Stop. Think. Connect.Stop Think Connect 270x66

Most human beings are lazy unless motivated by fear or greed. They need training on the need to “Stop and Think” before they “Connect”.

Educate Users to strengthen Passwords

With all the threats to the integrity of your sovereign business data, current password functionality is in need of an overhaul. The challenges are:

1. Staff members are under pressure to get more done. Using good passwords makes this harder. So staff need education on the dangers of using short, easy-to-guess passwords

2. Short passwords are terrifyingly easy to hack.

Any sysadmin knows the difficulty in getting all staff to use unique passwords of a decent quality. On most apps, your password is “hashed” or encrypted to make it difficult for hackers to crack.

The problem is that a modern high-end graphics card, for example, can decode password hashes by running more than 600 million hash operations per second.
A few of these cards arranged in an array can try every possible eight character password in about seven days.

And attackers have other, more advanced ways to crack hashes — with the right tools they can crack hundreds of passwords per hour.

Once a hacker gets a user’s password, they can use it to attempt access to the user’s online accounts — such as email or bank accounts. The big challenge is that most of us don’t follow password best practices.

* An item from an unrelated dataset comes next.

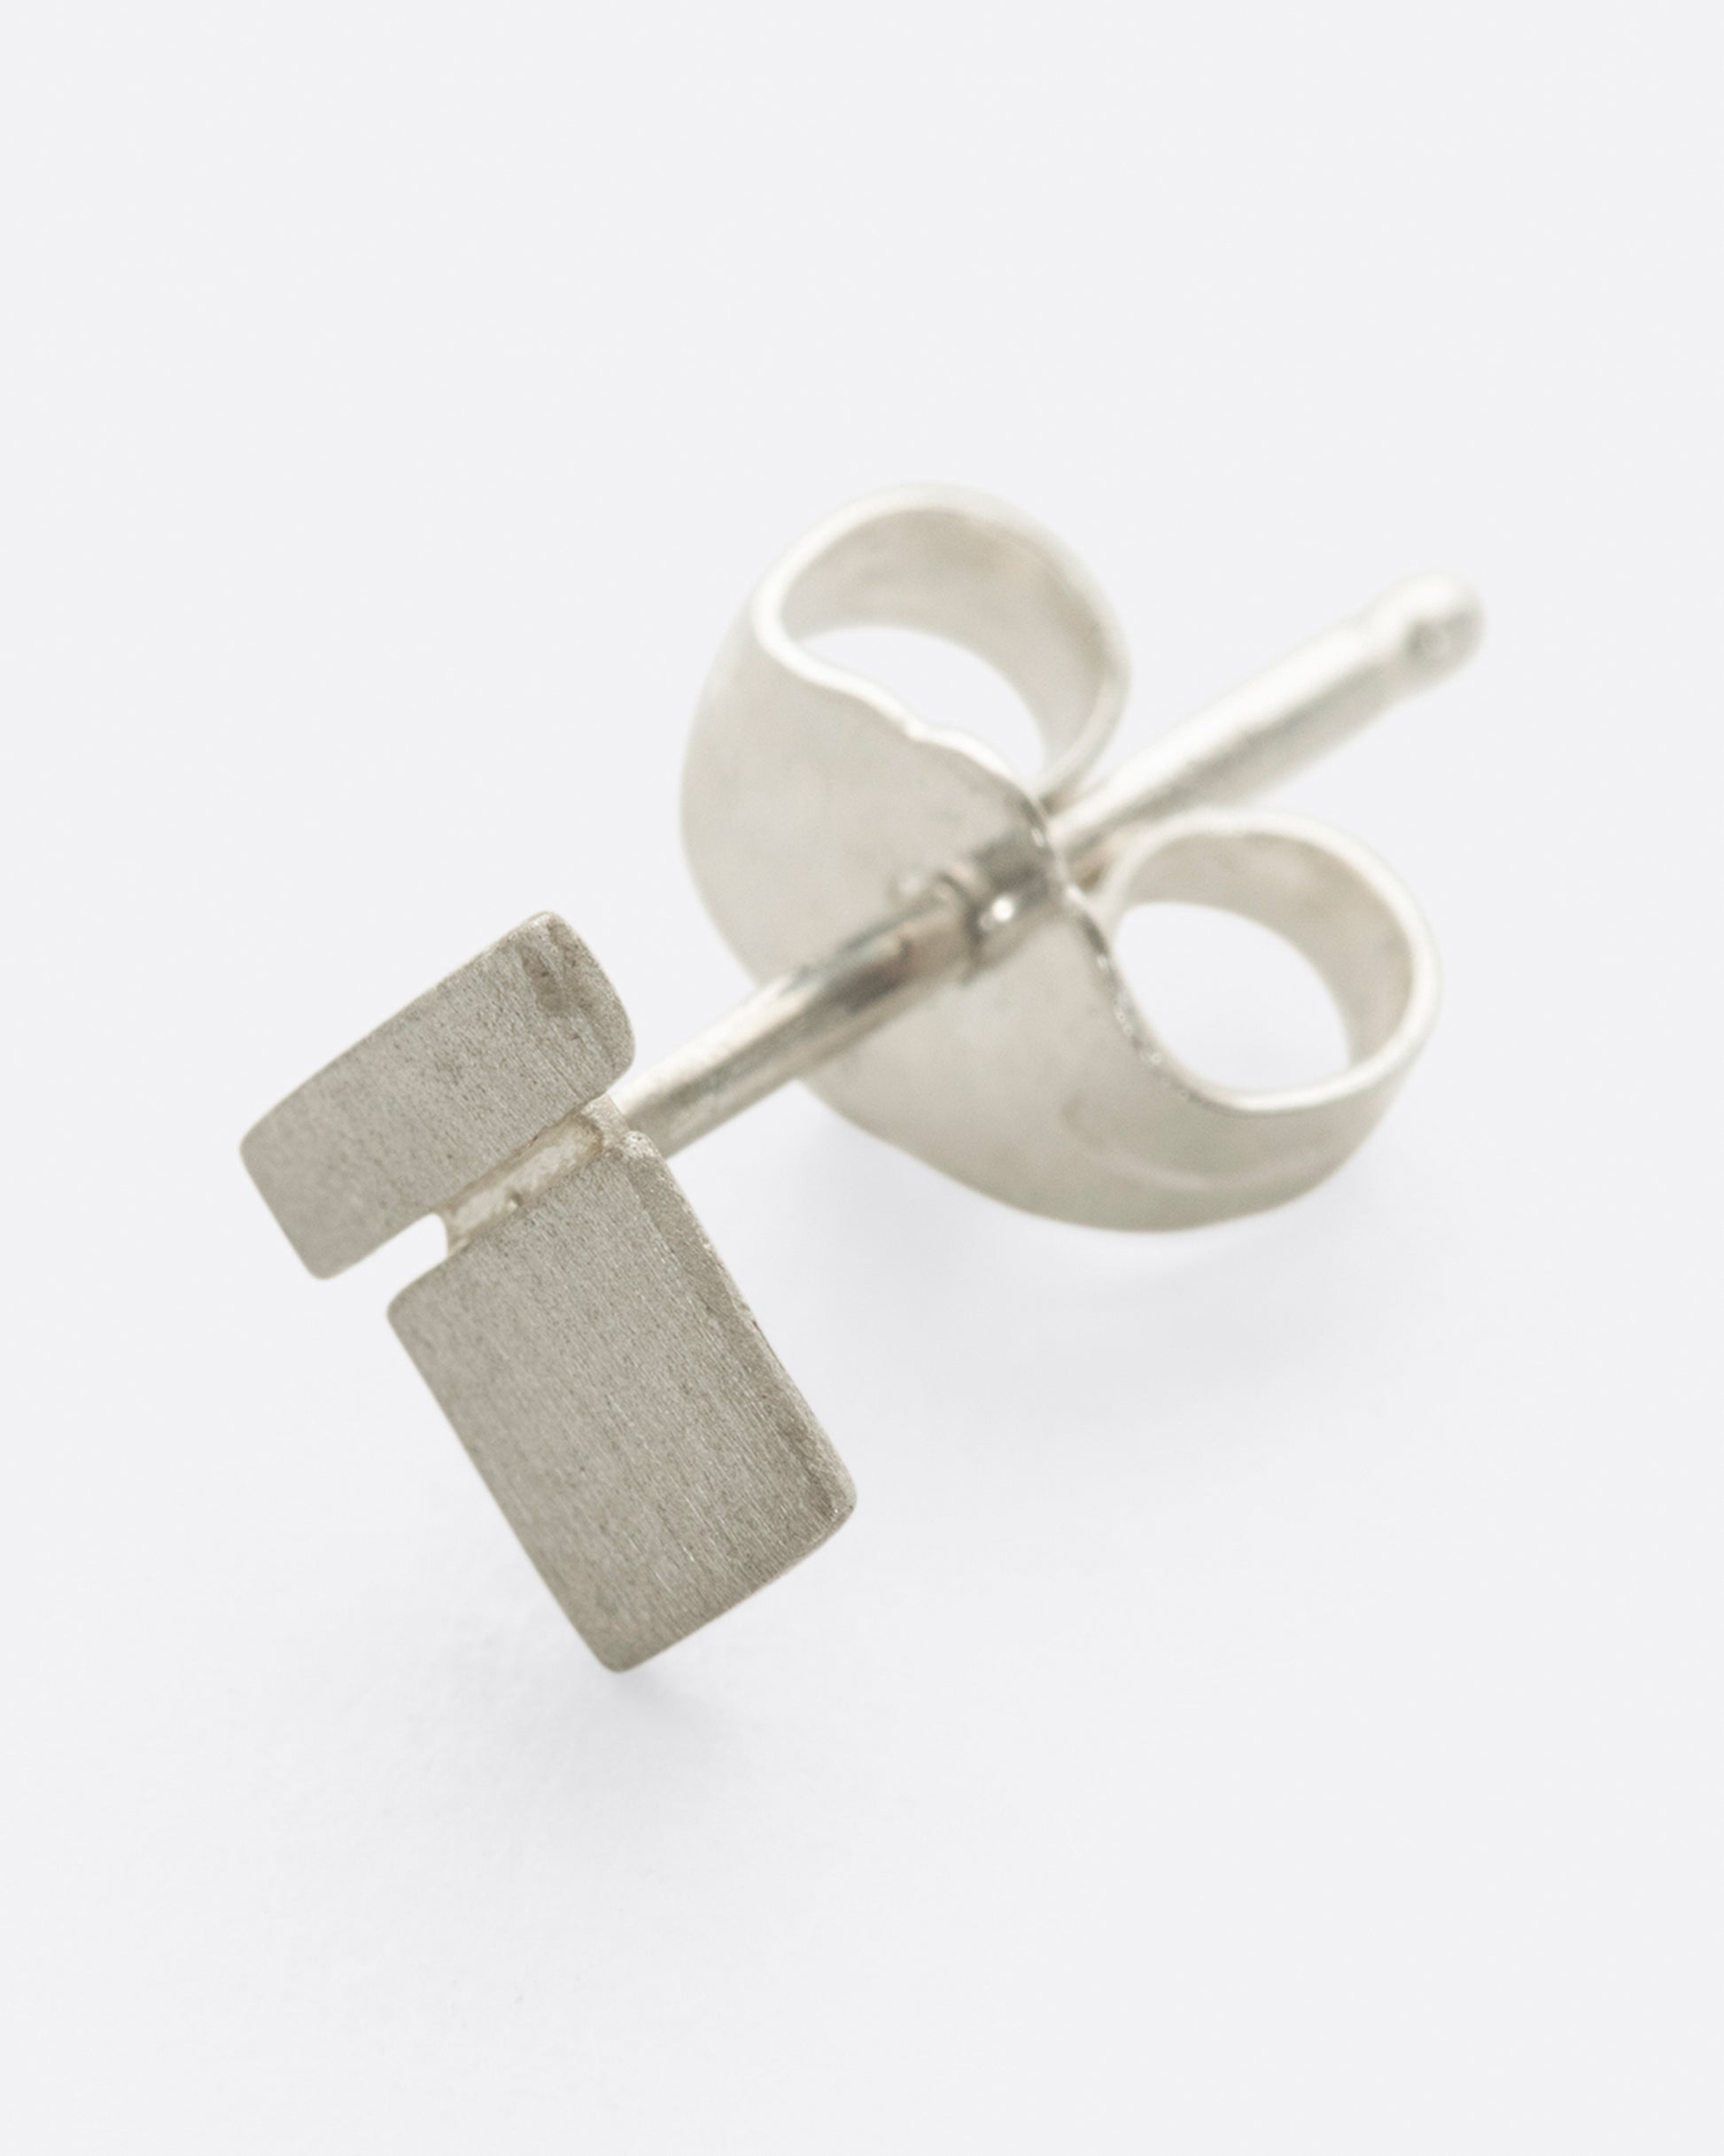 A brushed sterling silver earring with a bar on a square.

A secure password should adhere to three basic rules:

  • It should be long — at least 16 characters
  • It should be complex — containing uppercase letters, lowercase letters, numbers, symbols, and spaces
  • It should be unique — i.e. you only use it once.

Many password systems require users to create passwords of a certain length and complexity, but the resulting passwords are hard to remember and many users recycle the same password multiple times.

In fact, 54% of consumers use five or fewer passwords across their entire online life, while 22% use three or fewer.

With all these issues, combined with an increasing number of high-profile online data breaches, the public is losing faith in passwords. Nearly 70% of consumers report lacking a high degree of confidence that their passwords can adequately protect their online accounts — and they’re calling on online organisations to add another layer of security to the process.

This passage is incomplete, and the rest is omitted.